The Iraq marsh may be a last remnant of wetlands that spurred urban evolution.
In his dying moments, Goethe's Faust foresees a happy day when a nearby foul swamp is replaced by green and fertile fields “where men and herds may gain swift comfort from the new-made earth.” He might have had a more benign view of marshlands had he pored over the data gathered by a young archaeologist who recently led the first American archaeological research team to Iraq in a quarter-century. She suggests that cities and civilization didn't rise along riverbanks, as most archaeologists have supposed, but out of swamps, which provided rich animal and plant resources to complement irrigation agriculture and animal husbandry. “Almost everywhere we look,” says Jennifer Pournelle of the University of South Carolina, Columbia, “the biggest and earliest [human settlements] are in that marsh environment.”
Pournelle is on a quest to understand the role of marshes in southern Iraq between 4000 B.C.E. and 3000 B.C.E., when humans first began to live in a network of cities.
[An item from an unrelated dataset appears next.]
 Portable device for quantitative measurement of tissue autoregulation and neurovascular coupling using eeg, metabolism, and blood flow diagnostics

After a decade of work with satellite and aerial images, she and two colleagues finally got a chance to see the region up close last September, on an expedition with the University of Basra. She presented the team's findings at a meeting in November and hopes to return to Iraq this year.
If she is right, says her former adviser, Guillermo Algaze of the University of California, San Diego, “we may have to rethink how Mesopotamian civilization began.” “It's very intriguing,” adds archaeologist Jason Ur of Harvard University. “She's proposing a radically different environmental context for the first cities.” But additional on-the-ground data will be crucial to convince interested but skeptical colleagues.

Jerry continues

Investigating Chinampa Farming
Re your daughter’s writings on fertile crescent cities being formed on swamps:
This appeared to be how the Aztec empire was built. A small tribe forced to live in the middle of a lake became enormously productive & begat a great nation.
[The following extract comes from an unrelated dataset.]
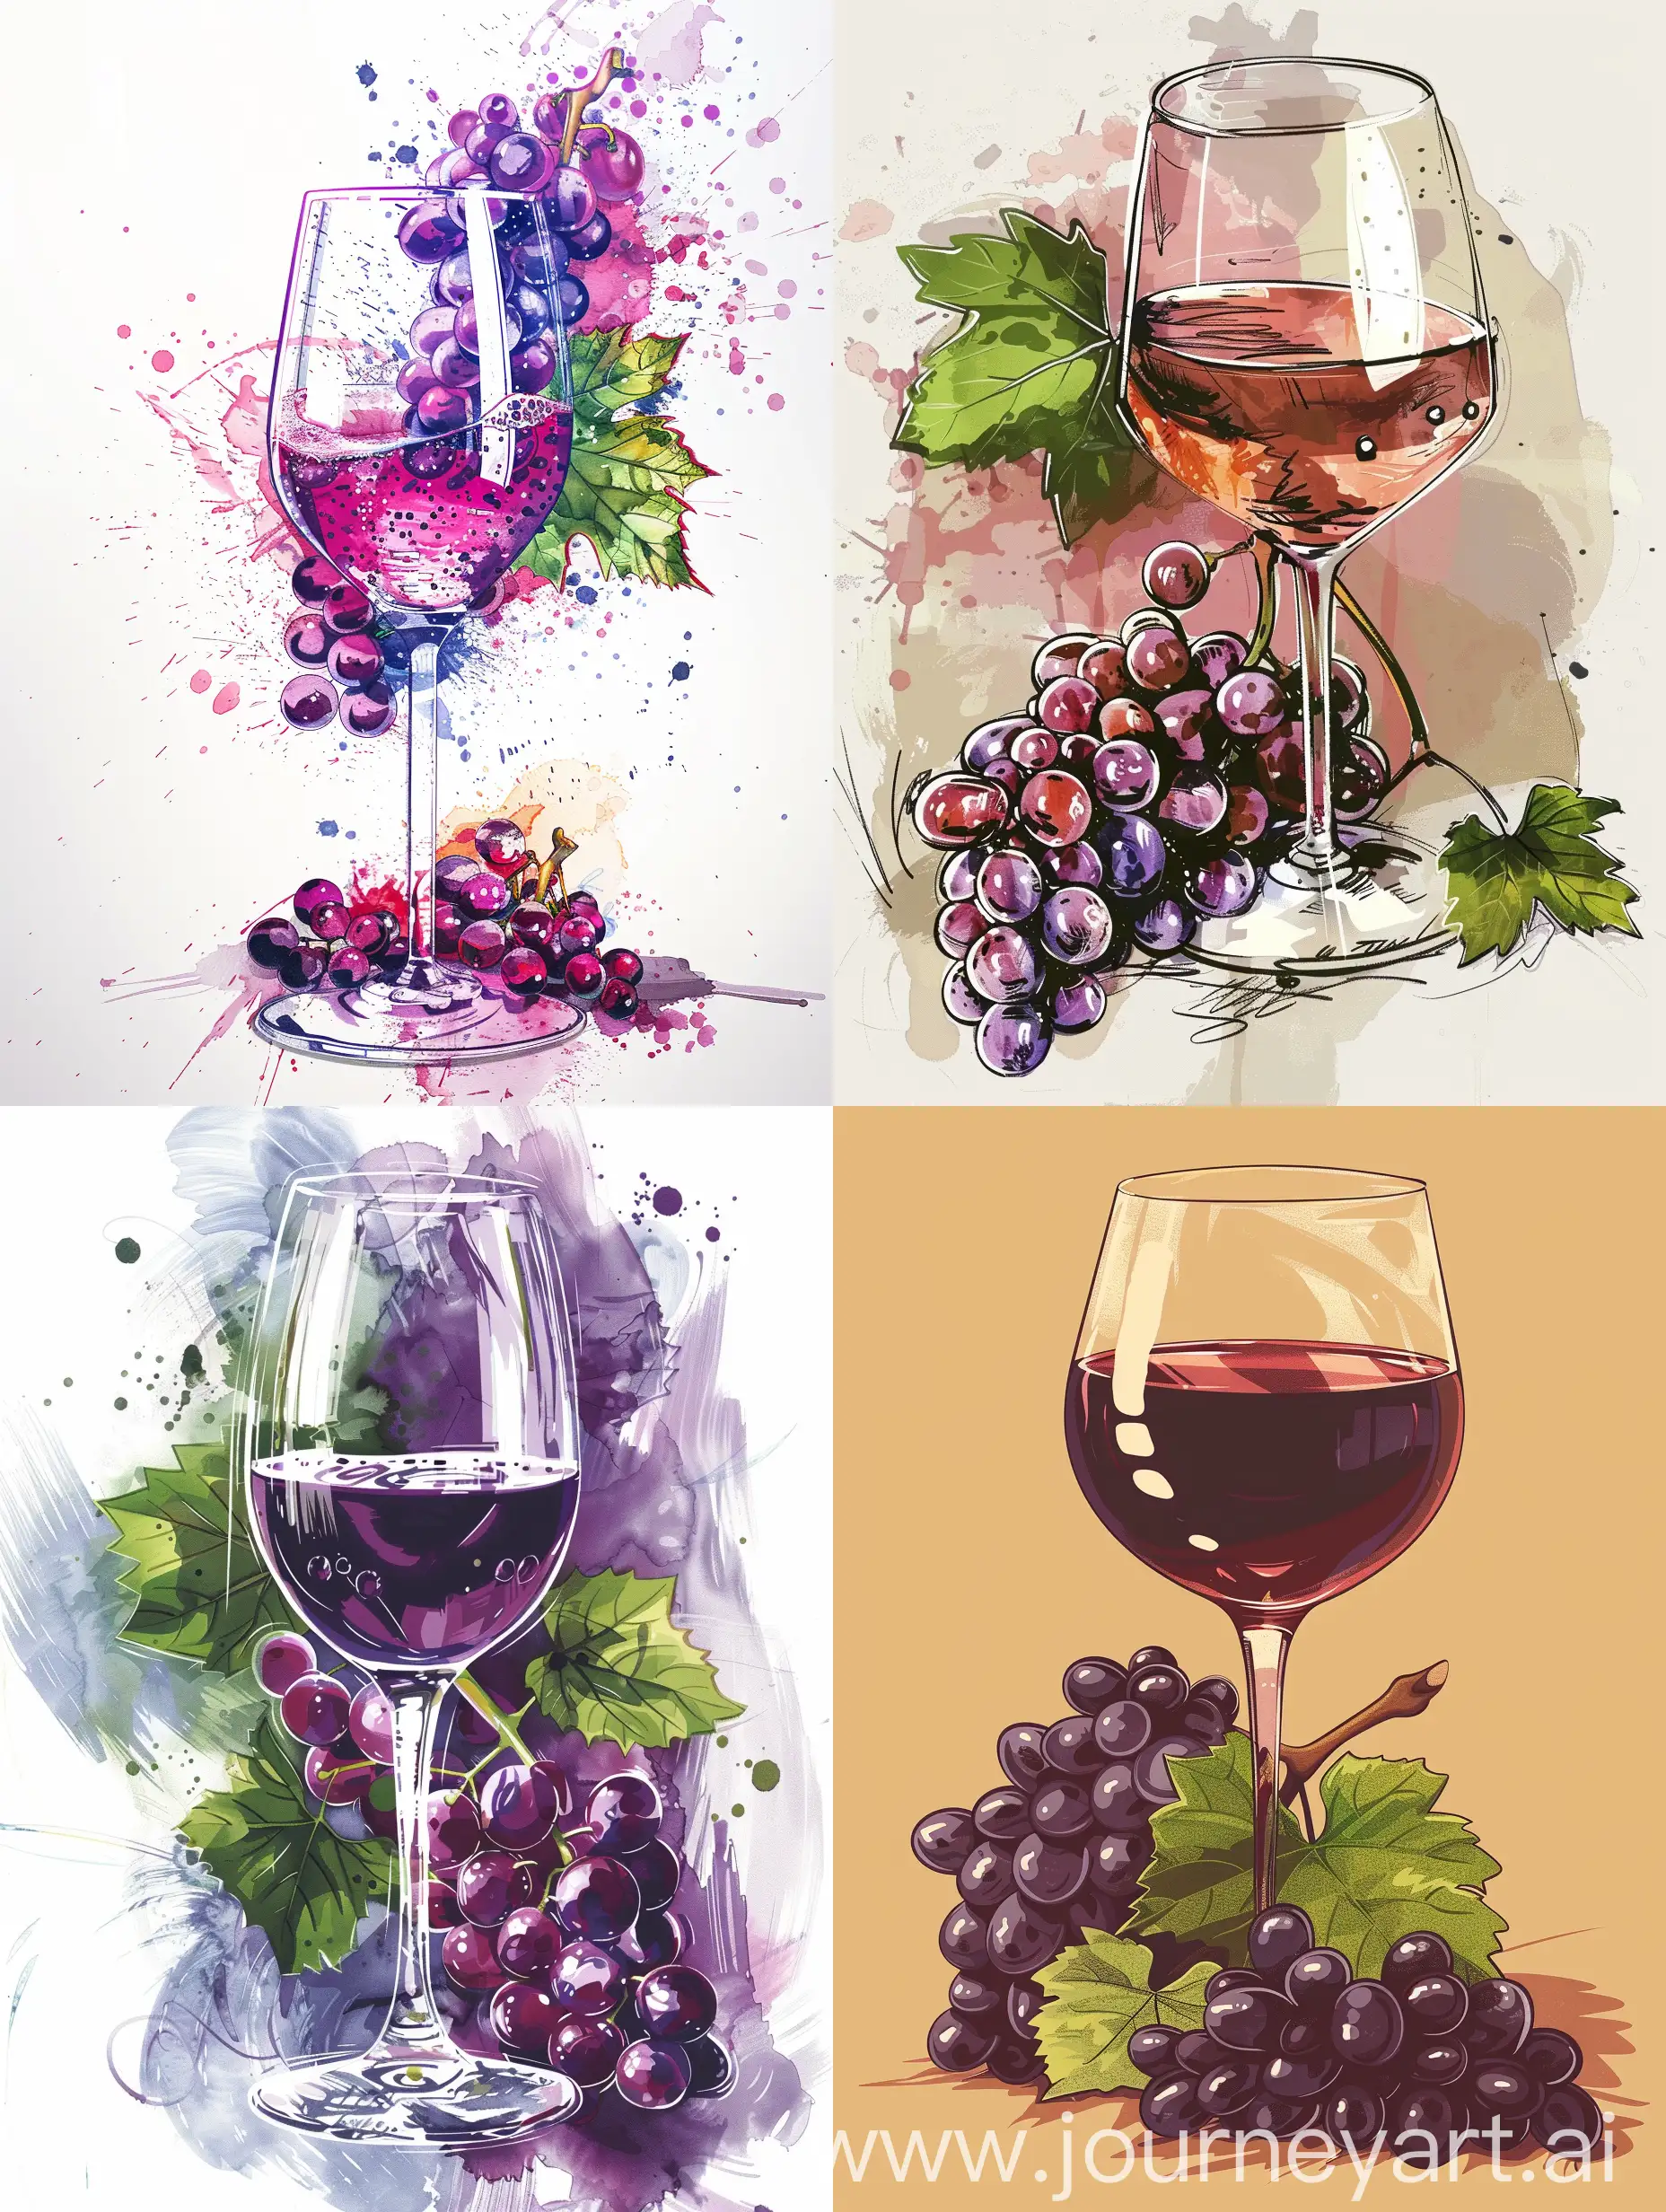 Abstract-Illustration-of-Wine-Making-Process-with-Wine-Glass-and-Grapes

" How the Aztec Empire fed the burgeoning population of its capital, Tenochtitlan, has long intrigued researchers. Most of Tenochtitlan’s estimated 150,000 to 200,000 inhabitants at the time of Spanish contact were not food producers. The system, known as chinampas, of draining swamps and building up fields in the shallow Basin of Mexico lakebeds, was a remarkable form of intensive agriculture that Jeffrey Parsons of the University of Michigan suggests provided one-half to two-thirds of the food consumed in Tenochtitlan.
At the time of Spanish contact, shallow lakes covered approximately 1000 km2 of the Basin of Mexico. Archaeological surveys show that large expanses of the lakes were converted into chinampas."
Neil Craig

Jenny has created considerable scientific interest in her theories of marshlands and the origins of civilization. Needless to say I am proud of her.